The second-most important rivalry in Argentine football is the Avellaneda derby, which is contested between Independiente and Racing, the third- and fourth-most popular and third- and fourth-most successful teams of the country (respectively), both from the city of Avellaneda (located next to Buenos Aires, into it metropolitan area). Other important derbies include the derby between Huracán and San Lorenzo de Almagro (has no particular denomination), the Rosario derby (between Newell's Old Boys and Rosario Central), the La Plata derby (between Estudiantes de La Plata and Gimnasia y Esgrima La Plata), the West derby (between Ferro Carril Oeste and Vélez Sarsfield), the derby between Atlanta and Chacarita Juniors (formerly denominated "Villa Crespo derby"), the Santa Fe derby (between Colón and Unión), the North Zone derby (between Platense and Tigre), the Cordoba derby (between Belgrano and Talleres), the derby between Instituto and Racing de Córdoba (has no particular denomination) and the Tucuman derby (between San Martín and Atlético Tucumán).

=== Oldest clubs ===
Note: Only clubs that are currently affiliated to AFA are listed.

| # | Club | City | Founded | Ref. |
|---|---|---|---|---|
| 1 | Mercedes | Mercedes | 1875 |  |
| 2 | Gimnasia y Esgrima (LP) | La Plata | Jun 1887 |  |
| 3 | Quilmes | Quilmes | Nov 1887 |  |
| 4 | Rosario Central | Rosario | 1889 |  |
| 5 | Banfield | Banfield | 1896 |  |
| 6 | Estudiantes (BA) | Caseros | 1898 |  |
| 7 | Argentino de Quilmes | Quilmes | 1899 |  |

- Additional notes
- Some clubs that have a football section but do not participate in official competitions (such as Atlético del Rosario or C.A. San Isidro among others) are not included.
- Lobos A.C. (est. 1892) is the 4th. oldest club but it is not currently affiliated to the Association. The club had been disaffiliated in 1899 after AFA ruled that clubs could not have a venue distant more from 30 kms to the city of Buenos Aires.

=== Style of play ===

Circumstances allowed the wide development of a special style, called "pasture football", little regulated, often massive, without coaches, captains or parents. This includes a variety of football games, from more or less formal matches, to mass informal matches such as "el picado", or games such as "goal-goal-enter", the "loco", the "run", the " center-goal ", the" cañito-la liga ", the" football-tennis ", the" coca-cola ", the" head ", and so on. These conditions promoted a game based fundamentally on improvisation and individual skill in handling the ball, the so-called "art of dribbling" (dribbling), and the short pass, as well as a more physical and violent defensive game, with resource systematic to the old law of British premodern football, "hacking" or trip, known in the Río de la Plata as "ax".
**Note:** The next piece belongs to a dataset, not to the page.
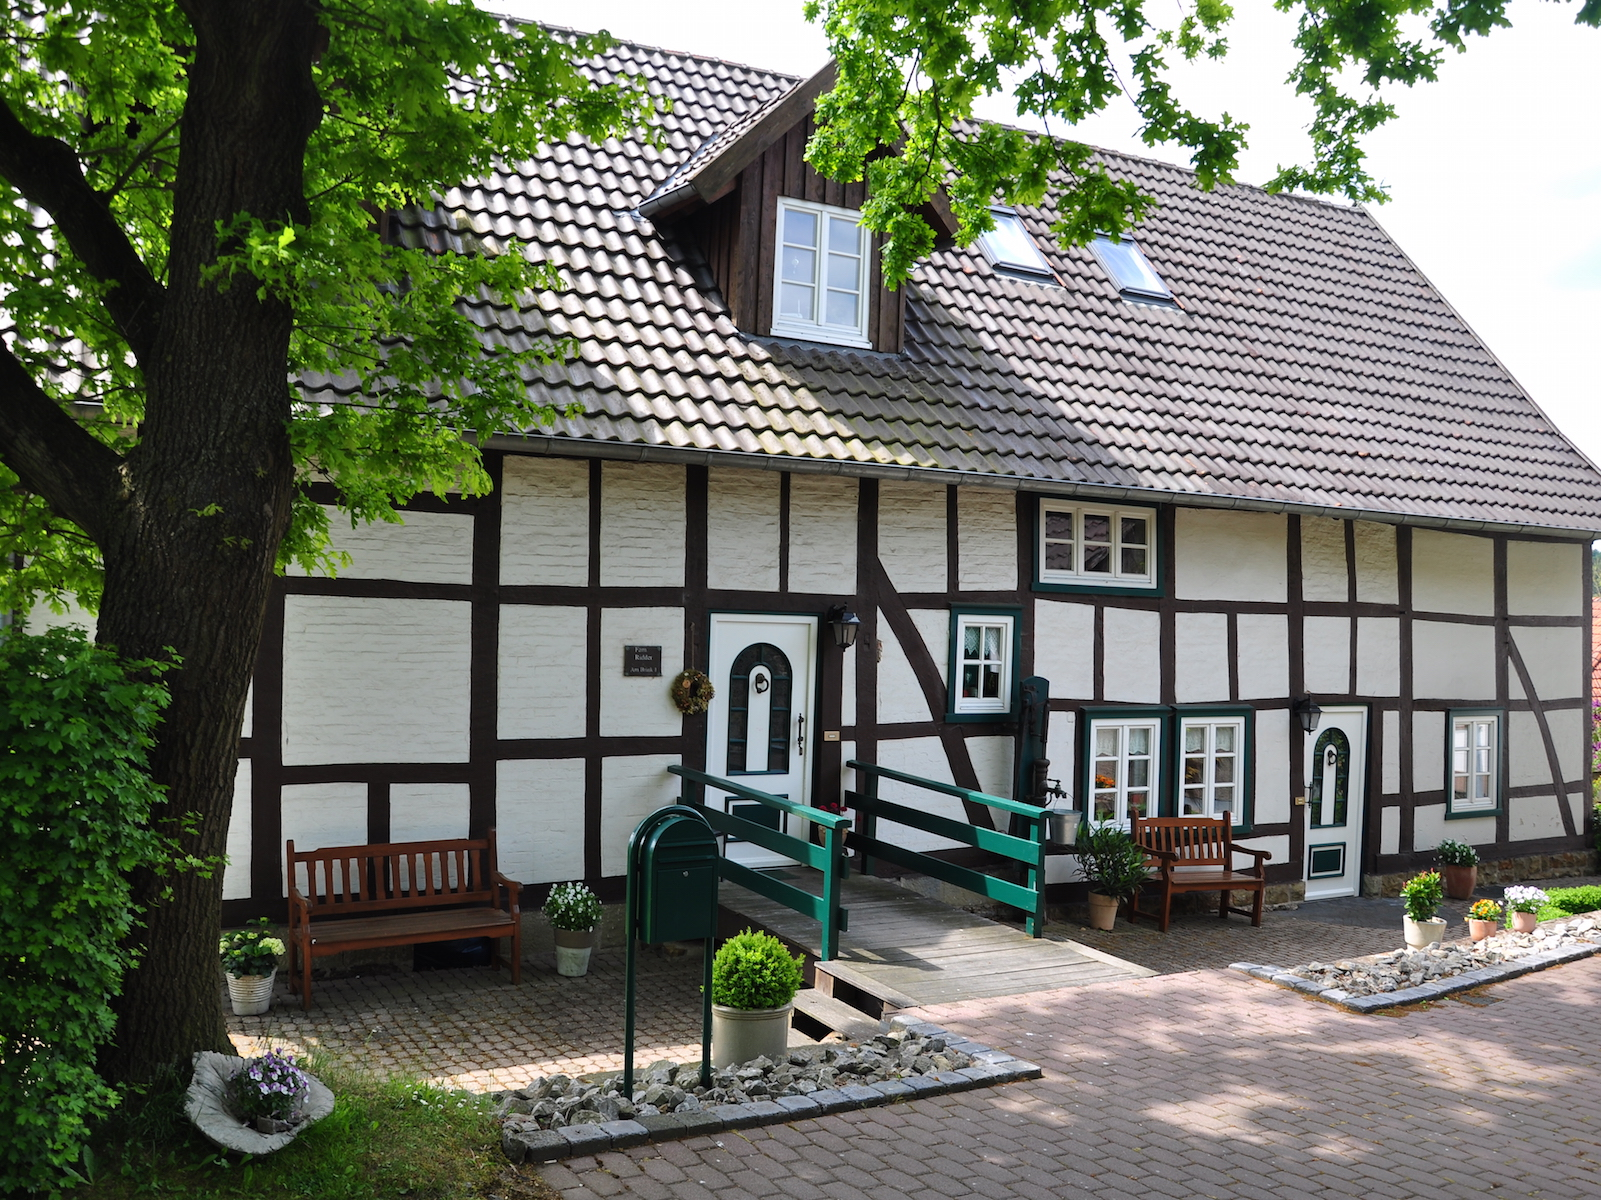 Fachwerkhaus in Kollerbeck
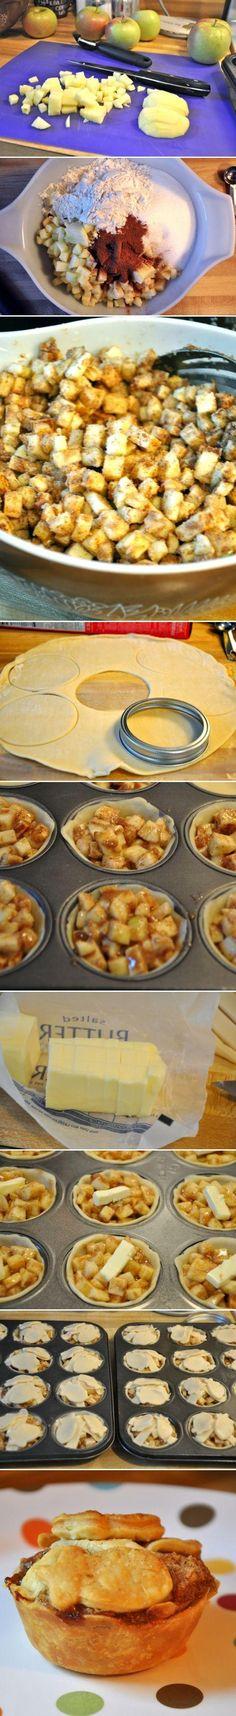 DIY Mini Apple Pie

=== Clubs at international competitions ===

The first international club competition was organized by both, Argentine and Uruguayan associations, with the establishment of Tie Cup or "Copa de Competencia Chevallier Boutell" in 1900. The tournament was held until 1919. Several competitions between teams from both countries followed, being the last the Copa Aldao, which last edition was played in 1955.

The most successful Argentine club on the international stage is Boca Juniors. The club has won a total of 22 international titles. Three of its wins are the Intercontinental Cup titles of 1977, 2000 and 2003.

Independiente has won the most important continental title on the most occasions, its seven Copa Libertadores titles is a record, as is its feat of winning the title on four consecutive occasions (1972–75). Also, Independiente was the most successful club on international cups by more than twenty years. These achievements earned them the nickname of Rey de Copas (King of Cups).

A number of other Argentine clubs have won the Copa Libertadores, including Estudiantes de La Plata and River Plate (four times each; Estudiantes in 1968, 1969, 1970, 2009 and River Plate in 1986, 1996, 2015, 2018), Racing (1967), Argentinos Juniors (1985), Vélez Sarsfield (1994) and San Lorenzo (2014).

Some Argentine teams have won international titles without having won a Primera División title, such as Talleres de Córdoba that won the Copa CONMEBOL in 1999, Arsenal de Sarandí winning the Copa Sudamericana in 2007 (although the team then won a title, the 2012 Torneo Clausura) and Defensa y Justicia winning the Copa Sudamericana in 2020.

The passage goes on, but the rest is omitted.